Notasi UML standar merepresentasikan sebuah kelas sebagai persegi panjang yang dibagi menjadi tiga bagian khusus:

  1. Nama Kelas:Terletak di bagian pertama. Jika kelas tersebut adalah kelas abstrak, namanya ditampilkan dengan huruf miring.
  2. Atribut Kelas:Ditampilkan di bagian kedua. Sintaksnya biasanya menampilkan nama atribut diikuti oleh titik dua dan tipe (misalnya, “radius : float). Ini memetakan ke variabel anggota dalam kode.
  3. Operasi Kelas (Metode):Ditampilkan di bagian ketiga. Ini merepresentasikan layanan yang disediakan oleh kelas. Tipe pengembalian mengikuti tanda tangan metode (misalnya, “getArea() : double).

3. Hubungan Kelas

Kelas jarang eksis secara terisolasi. Kelas-kelas ini terhubung melalui hubungan spesifik, masing-masing dengan representasi grafis yang berbeda:

  • Pewarisan (Generalisasi):Merepresentasikan hubungan “adalah-a”. Ini menyederhanakan analisis dengan memperkenalkan taksonomi, di mana kelas anak mewarisi atribut dan operasi dari kelas induk.Notasi: Garis solid dengan ujung panong kosong yang mengarah ke kelas induk.
  • Asosiasi Sederhana:Tautan struktural antara dua kelas setara.Notasi: Garis solid yang menghubungkan dua kelas.
  • Agregasi: Hubungan “bagian-dari” di mana anak dapat eksis secara independen dari induk (misalnya, Roda adalah bagian dari Mobil, tetapi dapat eksis secara terpisah).Notasi: Garis solid dengan berlian kosong di ujung komposit.
  • Komposisi: Jenis agregasi yang kuat di mana bagian-bagian hancur ketika keseluruhan hancur (misalnya, Titik dalam Lingkaran).Notasi: Garis solid dengan berlian terisi di ujung komposit.
  • Ketergantungan: Terjadi ketika perubahan pada definisi satu kelas dapat menyebabkan perubahan pada kelas lain.Notasi: Garis putus-putus dengan panah terbuka.

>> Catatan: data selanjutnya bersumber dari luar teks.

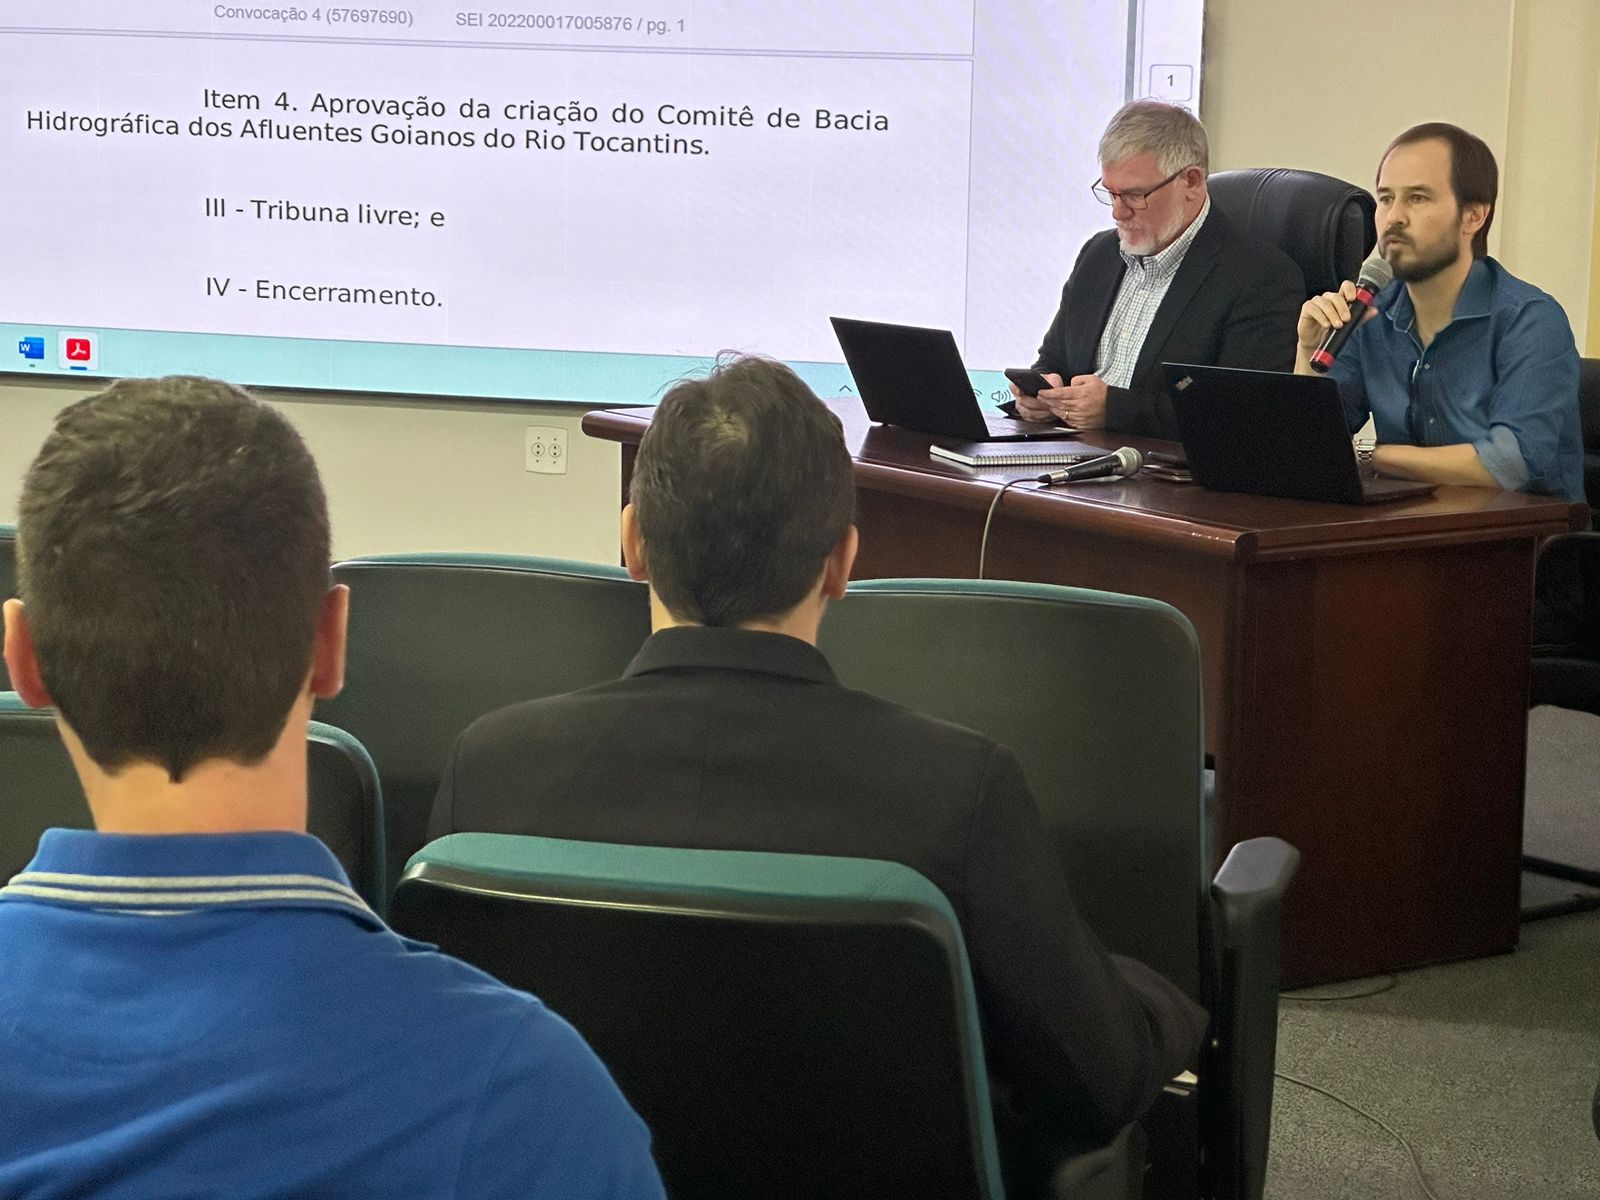 Reunião do Conselho Estadual dos Recursos Hídricos (Cehri) que aprovou a criação do comite de bacia dos afluentes goianos do Tocantins (Foto: Semad)

Pendalaman: Visibilitas dan Multiplisitas

Visibilitas Atribut dan Operasi

Dalam desain berorientasi objek, kontrol akses sangat penting. UML menggunakan simbol untuk menunjukkan visibilitas:

  • + (Publik): Dapat diakses oleh kelas lain mana pun.
  • – (Privat): Hanya dapat diakses oleh anggota kelas yang sama.
  • # (Proteksi): Dapat diakses oleh anggota kelas yang sama dan kelas turunan.
  • ~ (Paket): Dapat diakses oleh kelas dalam paket yang sama.

Multiplisitas

Multiplisitas menunjukkan berapa banyak objek dari setiap kelas yang berpartisipasi dalam suatu hubungan:

  • 1: Tepat satu.
  • 0..1: Nol atau satu.
  • *: Banyak (0 atau lebih).
  • 1..*: Satu atau lebih.

Sebagai contoh, dalam sistem universitas, seorang Mahasiswa dapat mengambil banyak Mata Kuliah (0..*) dan banyak Mahasiswa dapat terdaftar dalam satu Mata Kuliah.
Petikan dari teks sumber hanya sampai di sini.